Oral rehydration solutions, such as Pedialyte, can be useful in these cases, especially for children.

Avoid caffeinated drinks like coffee or certain teas, as they can dehydrate the body further. Likewise, while fruit juices contain valuable vitamins, they should be given sparingly due to their high sugar content, which can potentially worsen dehydration.

Feeding During Fever

A common saying is "Feed a cold, starve a fever," but this has been largely debunked by modern medicine. The body needs energy to fight off illness, and food provides this.

If a child or adult is not feeling like eating much, try to offer small amounts of food more frequently. Opt for easy-to-digest foods like soup, broth, or rice. Some fruits like bananas or applesauce can be gentle on the stomach and provide essential nutrients. For proteins, think about lean meats, such as chicken, or plant-based options like lentils.

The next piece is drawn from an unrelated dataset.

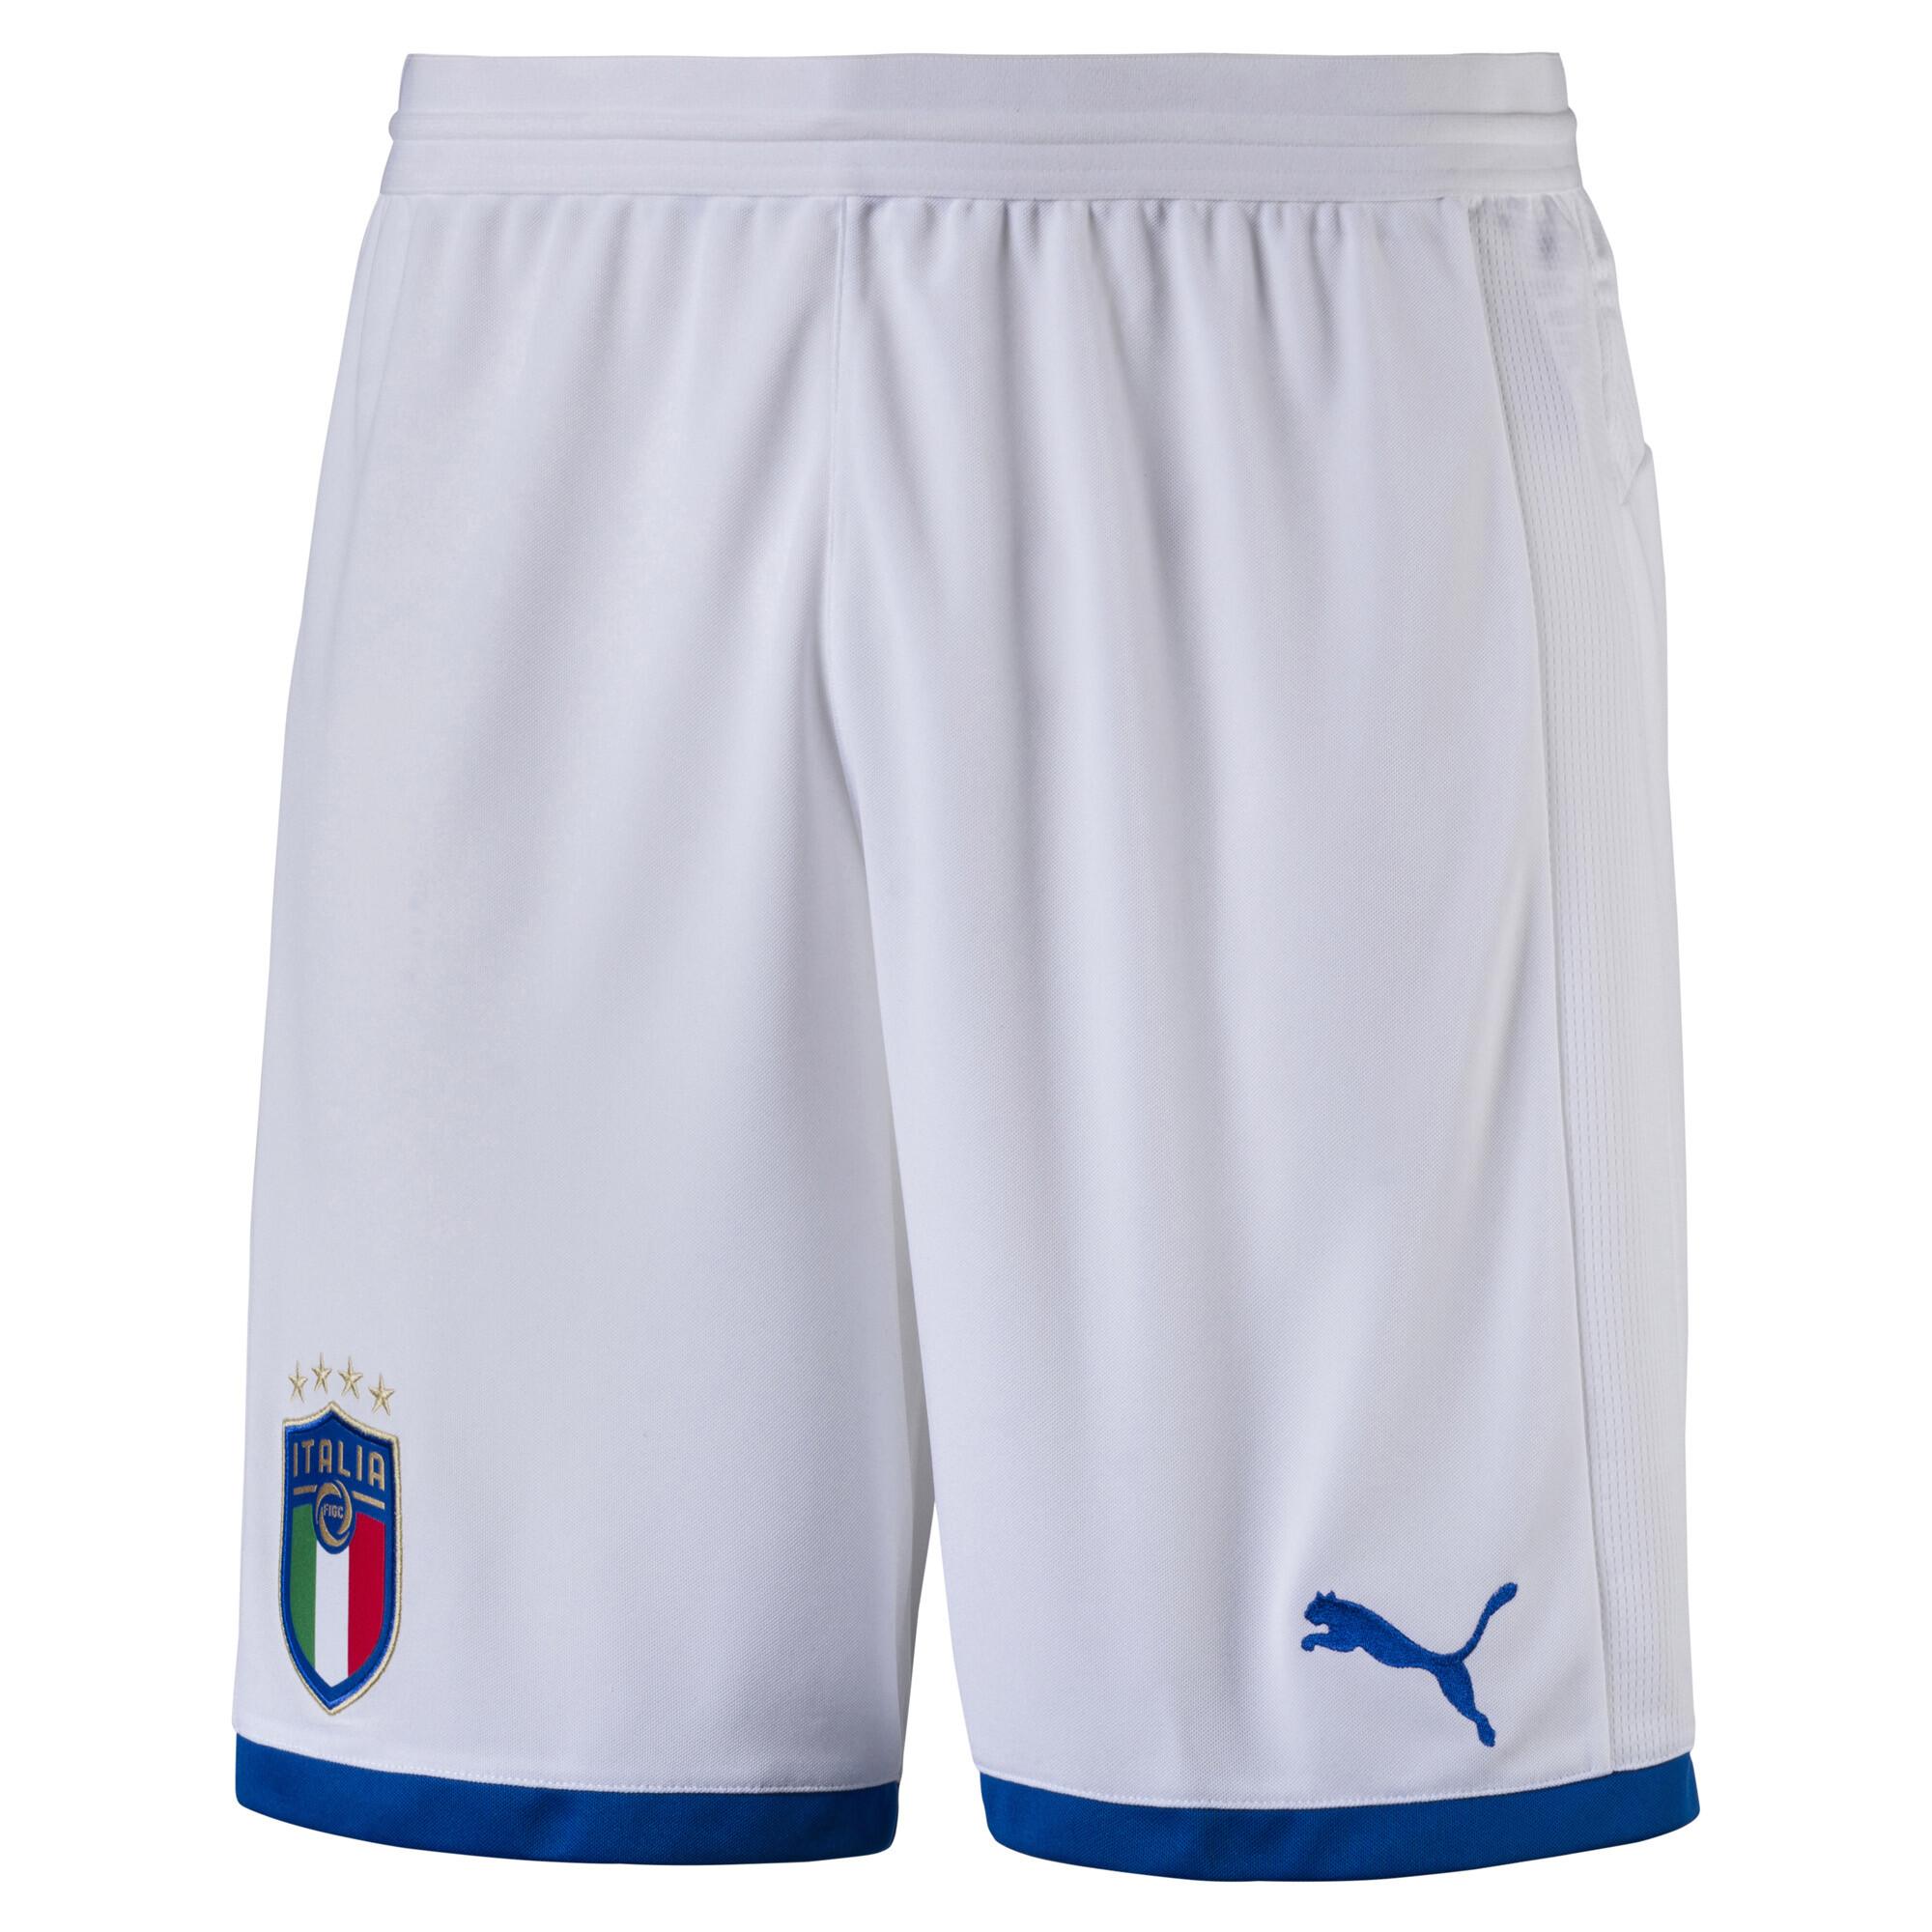 【プーマ公式通販】 プーマ FIGC ITALIA ショーツ レプリカ メンズ Puma White |PUMA.com

Remember, it's normal for appetite to decrease during a fever. The focus should be on offering nutritious, appealing options rather than pushing for large meals.

Role of Certain Nutrients

Vitamin C, Zinc, and Vitamin D have all been shown to support the immune system. Consuming foods rich in these nutrients can aid the body in its fight against infection. Citrus fruits, bell peppers, and strawberries are excellent sources of Vitamin C. For zinc, consider lean meats, chickpeas, or pumpkin seeds. Vitamin D can be sourced from fortified cereals, fatty fish, or a bit of sunshine when possible.